■ Input data
Segment Open

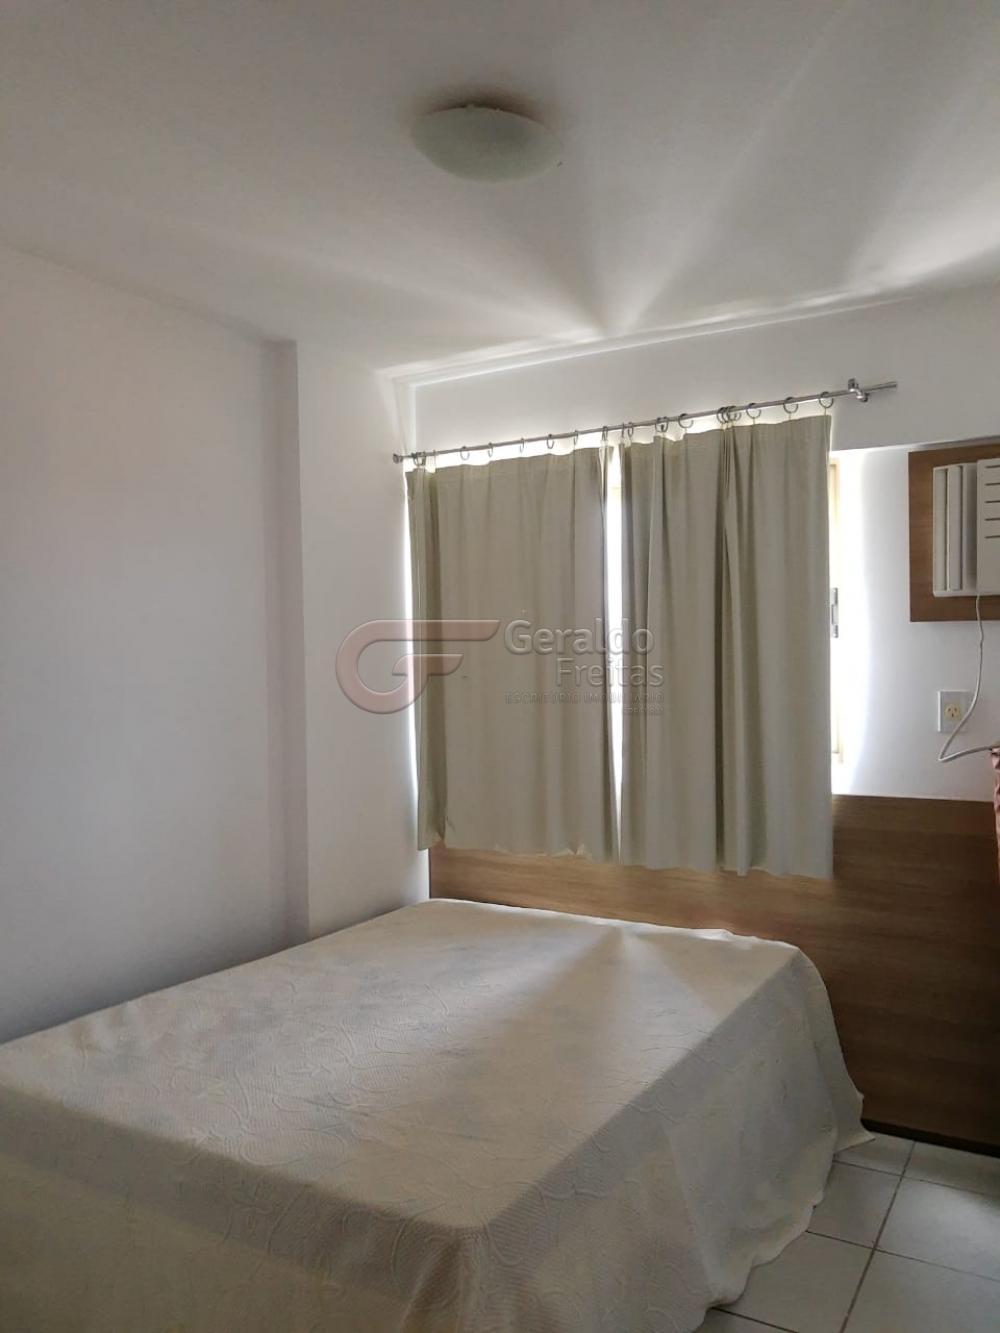 Comprar Apartamentos / Padrão em Maceió apenas R$ 350.000,00 - Foto 5
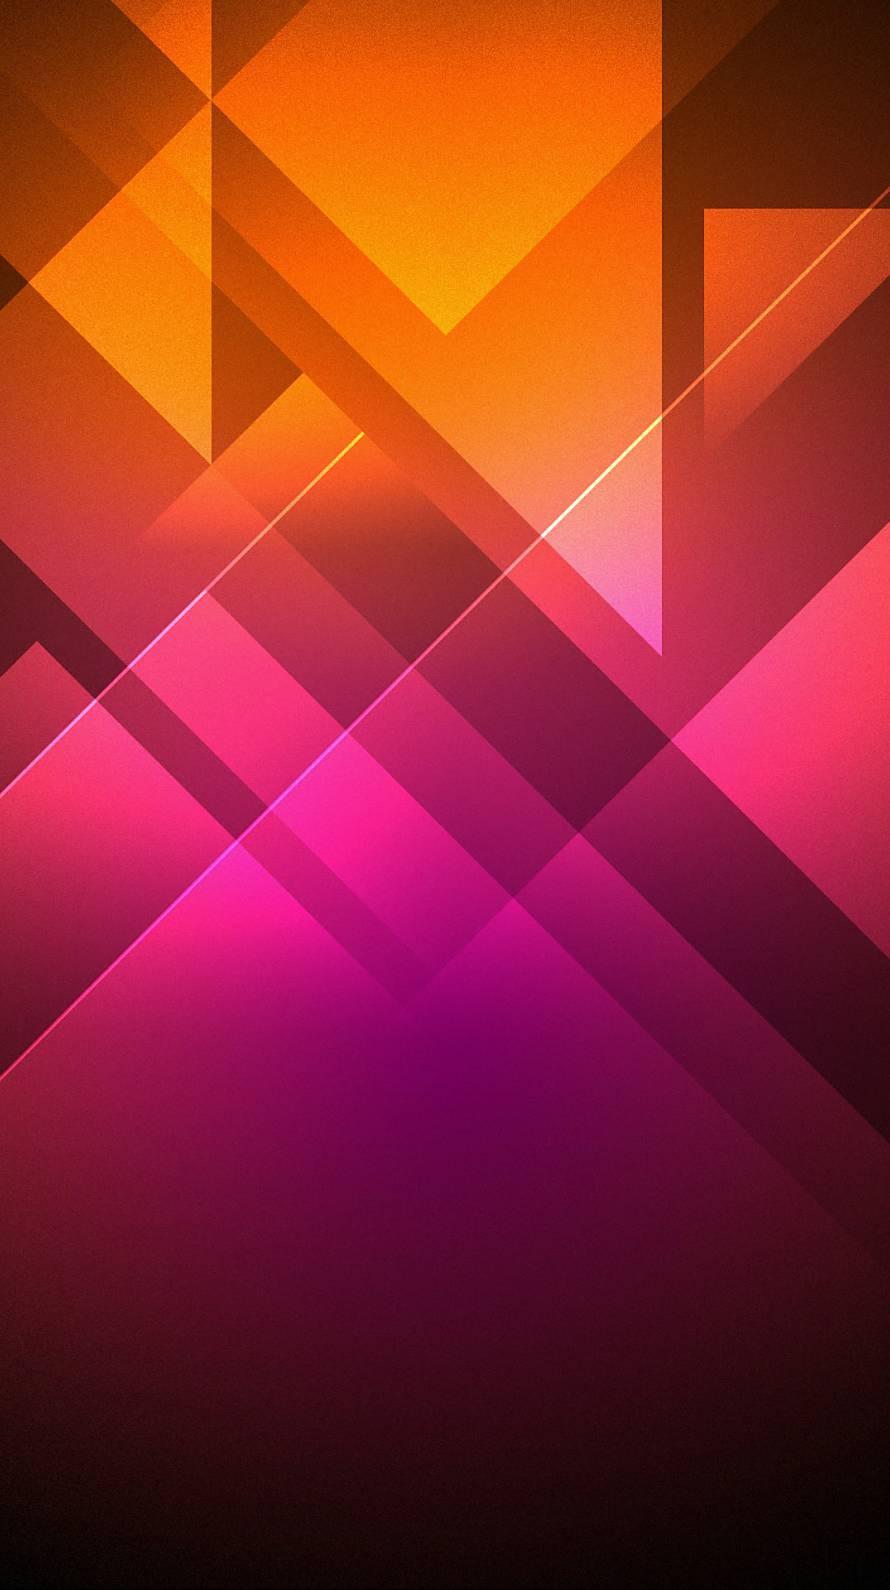 オレンジとピンクのグラデ iPhone6壁紙
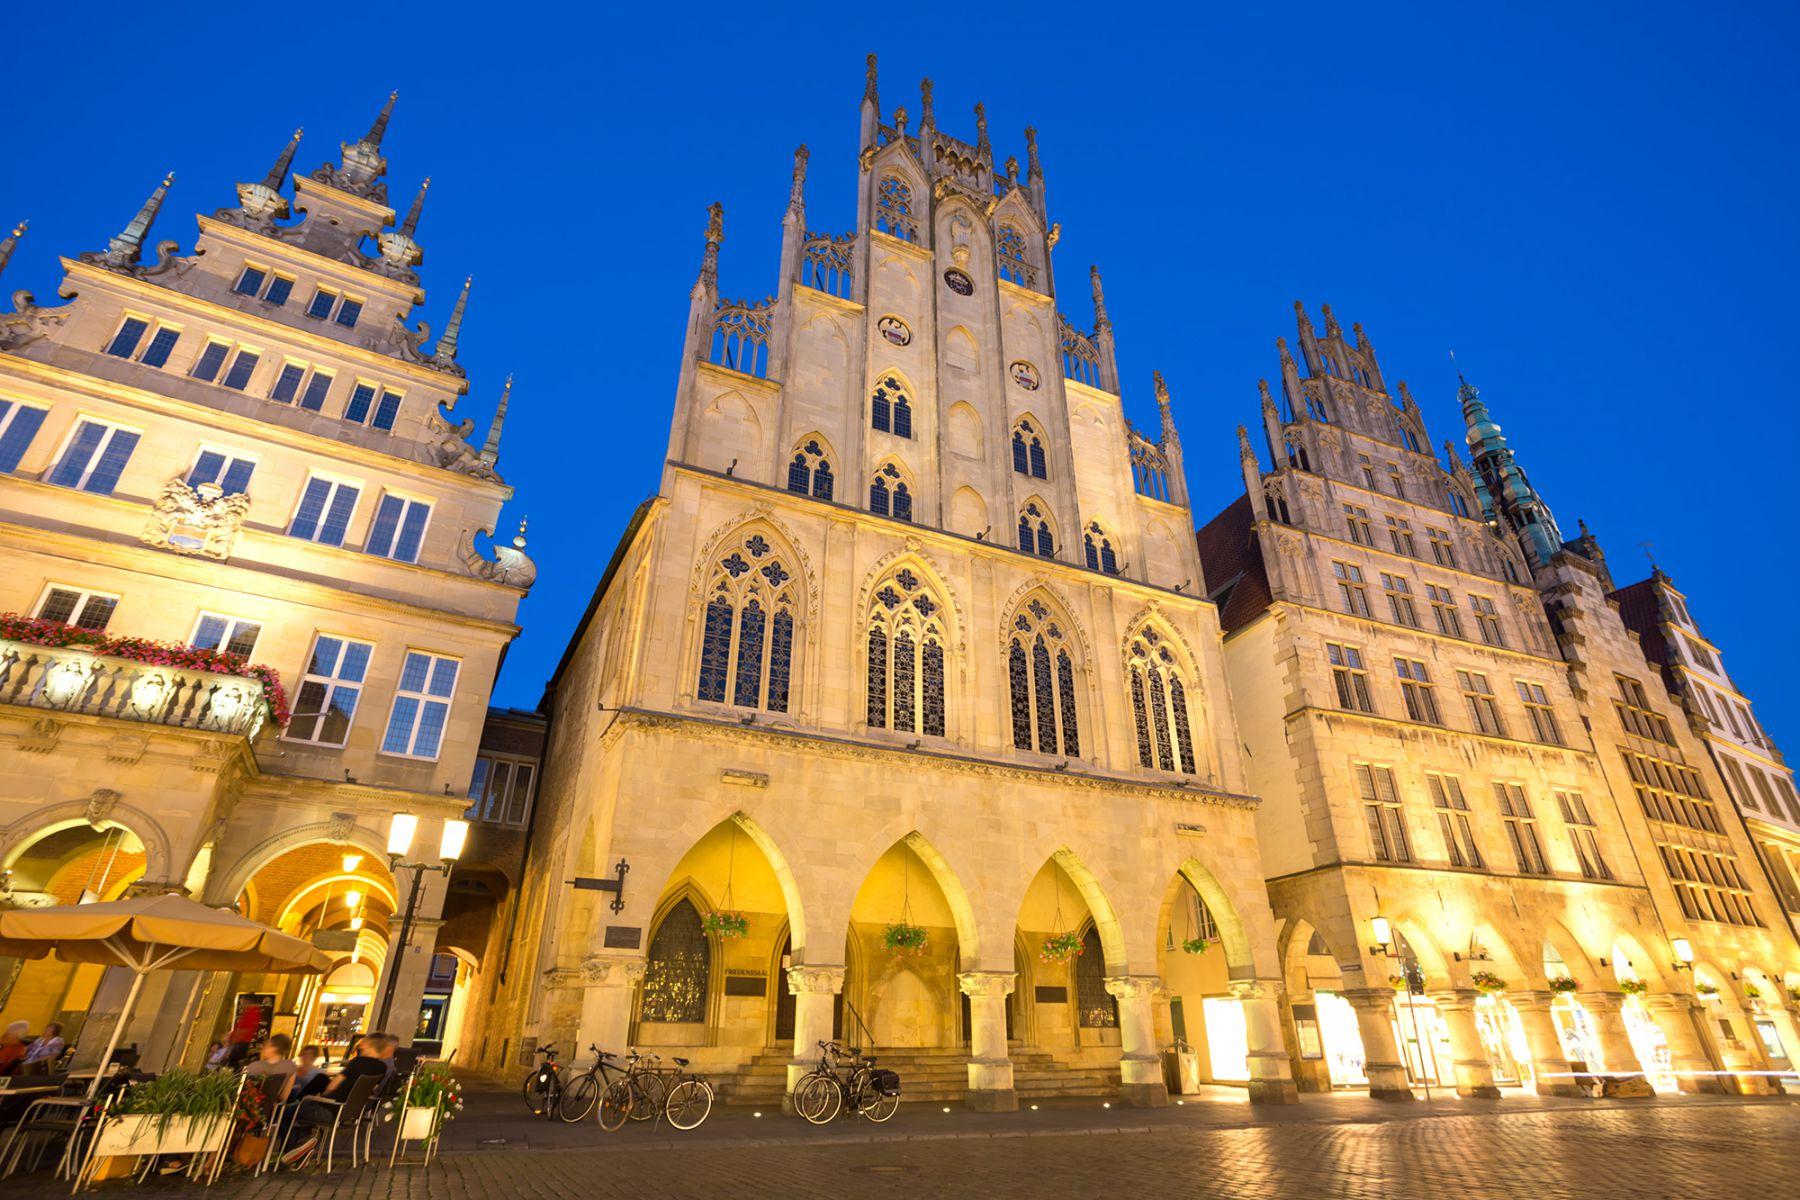 Het stadhuis waar de Friedenssaal te vinden is | Credit: querbeet (iStock)

Segment Closed

With the pictures omitted, print each line of the data above precisely as given.

■ Exercise result
 Comprar Apartamentos / Padrão em Maceió apenas R$ 350.000,00 - Foto 5
 オレンジとピンクのグラデ iPhone6壁紙
 Het stadhuis waar de Friedenssaal te vinden is | Credit: querbeet (iStock)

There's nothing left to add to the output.